Corporate Governance

The Board places great emphasis on sound corporate governance and intends to comply with the principles of the "UK Corporate Governance Code 2012" (the "Code") published by the Financial Reporting Council.

The Code recommends that the Board should include a balance of Executive and Non-Executive Directors (and, in particular, independent Non-Executive Directors), such that no individual or small group of individuals can unduly influence or dominate the Board's decision making. The Code further recommends that at least half of the Board, excluding the Chairman, should comprise Non-Executive Directors determined by the Board to be independent, and that one Non-Executive Director should be nominated as the Senior Independent Non-Executive Director. Lamprell complies with these requirements.

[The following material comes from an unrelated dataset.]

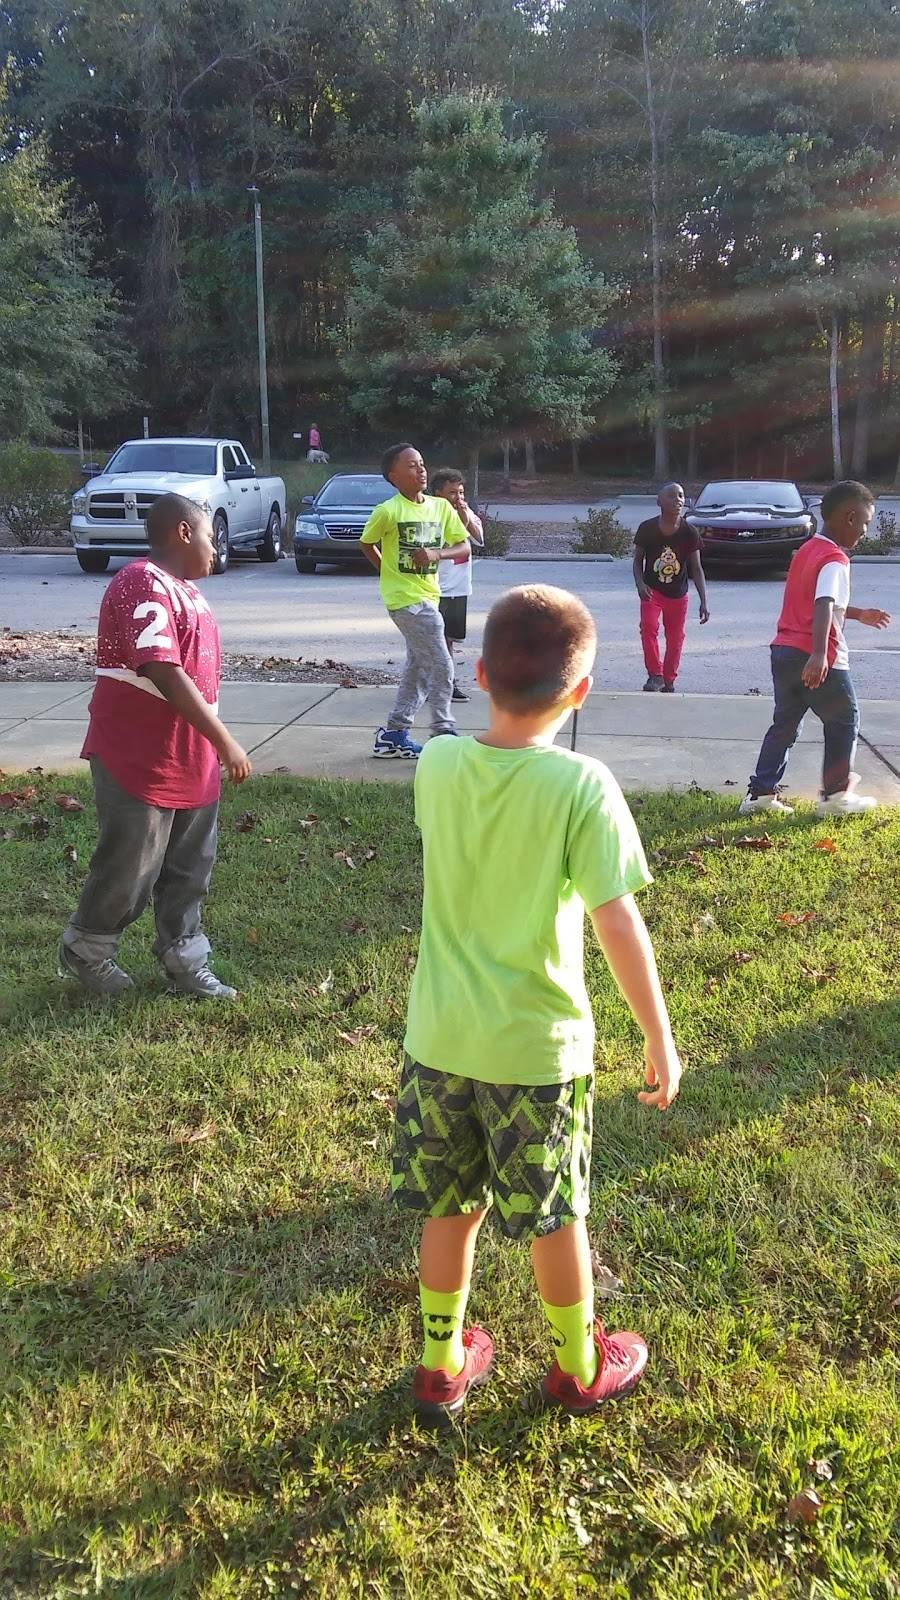 South Garner Park - park  | Photo 4 of 6 | Address: 1210 Poole Dr, Garner, NC 27529, USA | Phone: (919) 773-4442

Lamprell currently has four Non-Executive directors as well as the Chairman, and three of the Non-Executive Directors are considered by the Board to be independent. John Kennedy is the Non-Executive Chairman and he was independent on the date of his appointment on 15 June 2012.  Michael Press is Lamprell's Senior Independent Non-Executive Director and Chair of the Remuneration Committee.  Ellis Armstrong is Chair of the Audit & Risk Committee and John Malcolm is the Chair of the Nomination & Governance Committee. Peter Whitbread is the final Non-Executive Director but he is not considered to be independent by virtue of him having been an Executive Director until mid-2013. Nevertheless, at least half the Board is therefore made up of Non-Executive Directors who are considered by the Board to be independent.

Description of the responsibilities of the members of the Company's Board of Directors

The Board takes ultimate responsibility for the welfare of the Company by guiding and monitoring the Company's business affairs. The Board meets regularly throughout the year (at least six times). The Board is responsible for formulating, reviewing and approving the Company's strategy, financial activities and operating performance. The day to day management of the Company's resources is delegated to a senior management team, under the leadership of the Chief Executive Officer, facilitating prompt decision making.

The Board, through the Chairman and Executive Directors in particular, maintains regular contact with the Company's advisors and financial public relations consultants in order to ensure that the Board develops an understanding of the views of shareholders.

A Director must declare any conflict of interest and Directors may not participate in discussions or resolutions pertaining to any matter in which the Director has a material personal interest without Board approval.

In discharging their duties, Non-Executive Directors are provided with direct access to senior management and outside advisors and auditors. Board Committees and individual Directors may, with the Chairman's approval, seek independent professional advice at the Company's expense in order to perform their duties.

The Board has established three principal Committees, namely the Audit & Risk, Remuneration and Nomination & Governance Committees and each of these Committees has a written Terms of Reference which is available for viewing on this website.